Thu, 22 Dec 2011 10:13:00 GMT
Inspirational teenagers tell the UN how they cope while a parent is in prison
Siân and Raheel (far left) at the United Nations
TWO teenagers with fathers serving lengthy jail terms are playing an important role in a University of Huddersfield project that is probing the plight of youngsters whose parents are imprisoned. And they made history when they became the first young people to address a meeting of an important United Nations organisation when it met in Geneva.
The University is the UK leader of a research project named COPING, funded by the EU to the tune of 2.8 million euros. Launched in 2010, it is due for completion in 2013. Other countries taking part are Germany, Sweden and Romania, and a total of ten universities and agencies are participating.
The goal is to investigate the difficulties that young people face when parents are in prison and to find ways to improve their lives. As part of the research process, all of the partner countries are interviewing 250 children and following this up with 40 in-depth case studies. Meanwhile, existing services that help children and families in each country are being appraised. Ultimately, recommendations will be made to key policy makers.

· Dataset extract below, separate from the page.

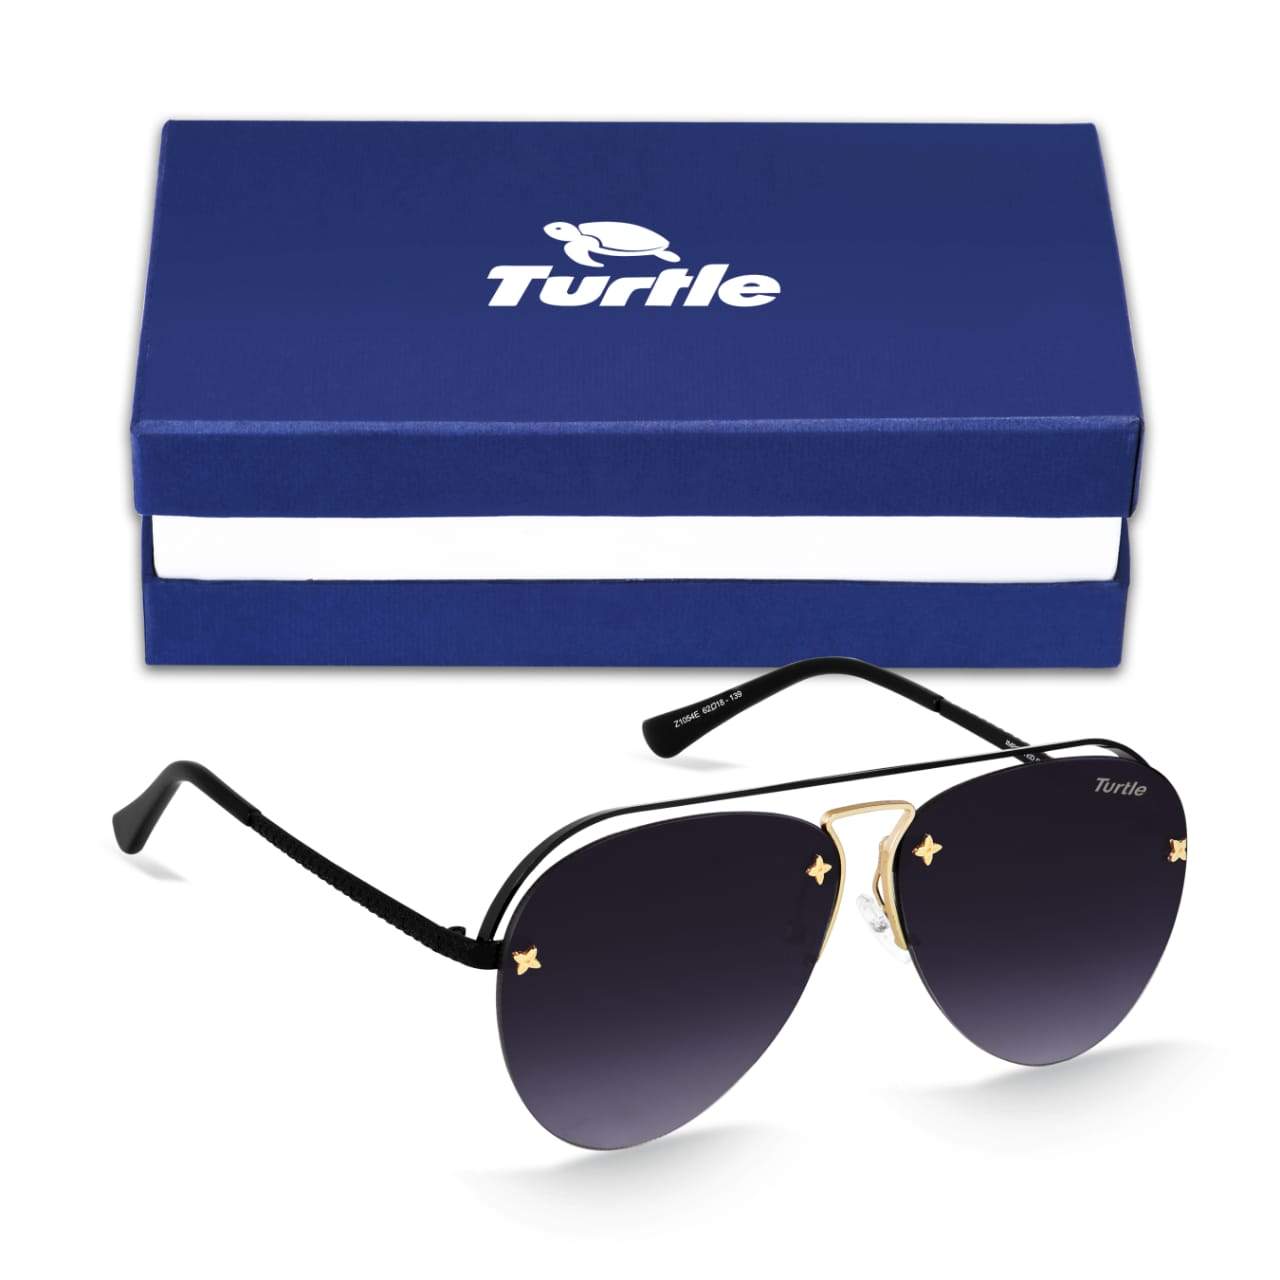 Stylish Half Rimless Aviator Pattern Premium Quality Black Gradient Sunglasses For Men And Women-Unique and Classy

One of the University of Huddersfield team working on the COPING Project is social work lecturer Ben Raikes. His role is to ensure that the project remains child-centred, he says, and explained that the COPING team works closely with the Manchester-based Partners of Prisoners Support Service (POPS), crucial in recruiting children to take part in the study. Among them were 13-year-old Siân, from Warrington, whose father is serving a 19-year sentence, and Raheel, aged 17, from Manchester, whose father received a seven-year term.
These two youngsters were ideal candidates to accompany members of the COPING team to Geneva for a United Nations day of discussion on the children of imprisoned parents, organised by the UN’s Committee on the Rights of the Child.

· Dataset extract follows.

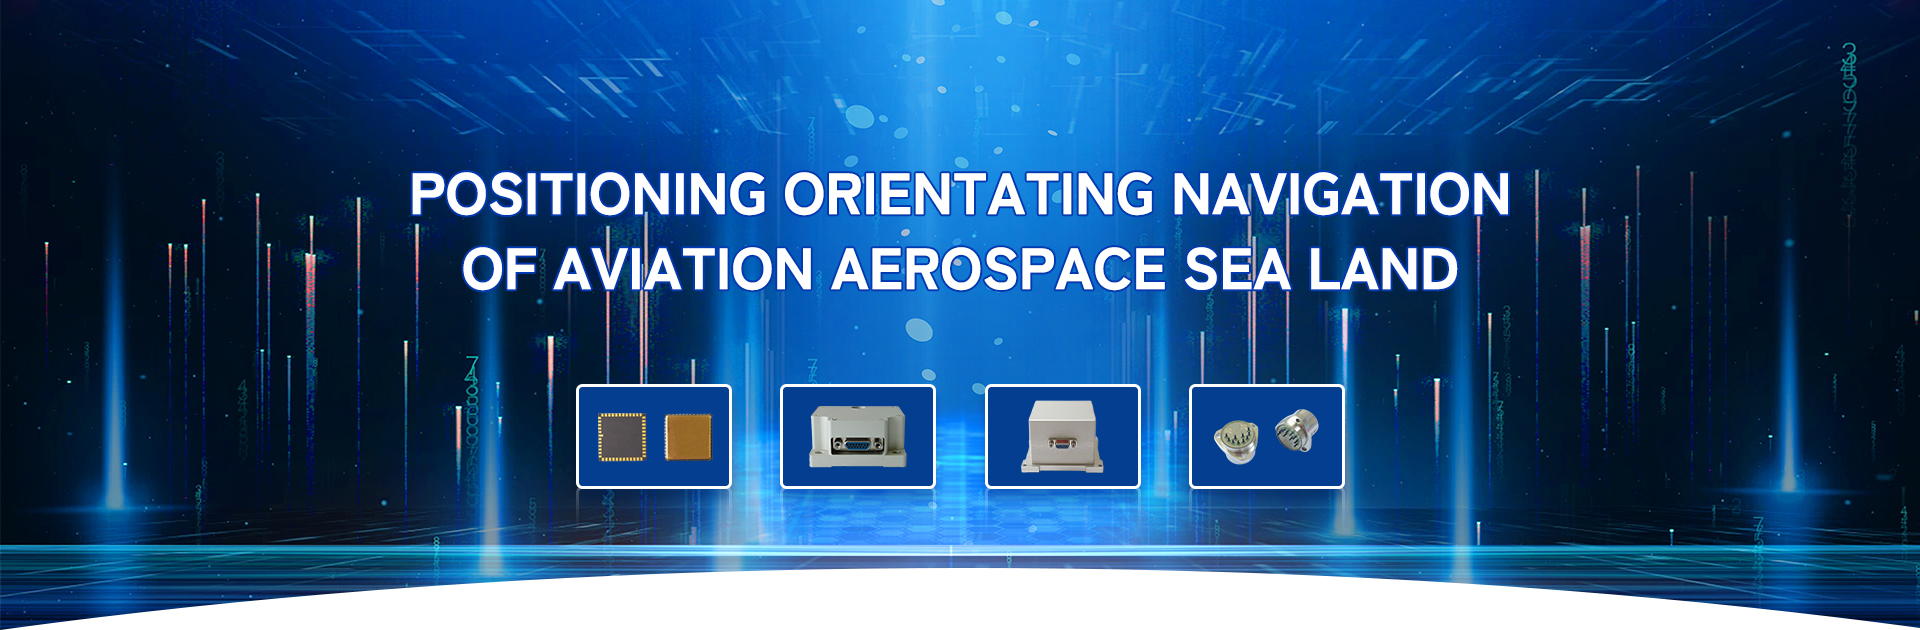 Positioning orientating navigation of aviation aerospace sea land

And this was the first time that the Committee had actually invited young people to take part in the proceedings. Siân and Raheel were selected and, with members of the COPING team, they prepared a special presentation. It vividly highlighted the difficulties they had undergone and stressed many of the problems faced by young people whose parents had been jailed.
They emphasised how small changes can have a big impact, such as having sofas installed in the prison visiting rooms, making visits more natural and allowing closer contact. Both youngsters said that they were attending the UN meeting in order to inspire changes in the prison system and they suggested ways that young people can fight isolation, get information about how to cope and seek out supportive organisations.
The presentation went down well. “They stormed it!” said Ben Raikes, one of the COPING researchers who went to Geneva, alongside Kris Christmann, a research fellow in the University of Huddersfield’s Applied Criminology Centre, and PhD researcher Amanda Swallow, of the University’s Centre for Applied Childhood Studies.
Future plans for COPING include a meeting in Germany. And Siân and Raheel – uplifted by their performance in Geneva – are keen to attend that too. Also, there are plans for Siân to talk to social work students at the University of Huddersfield.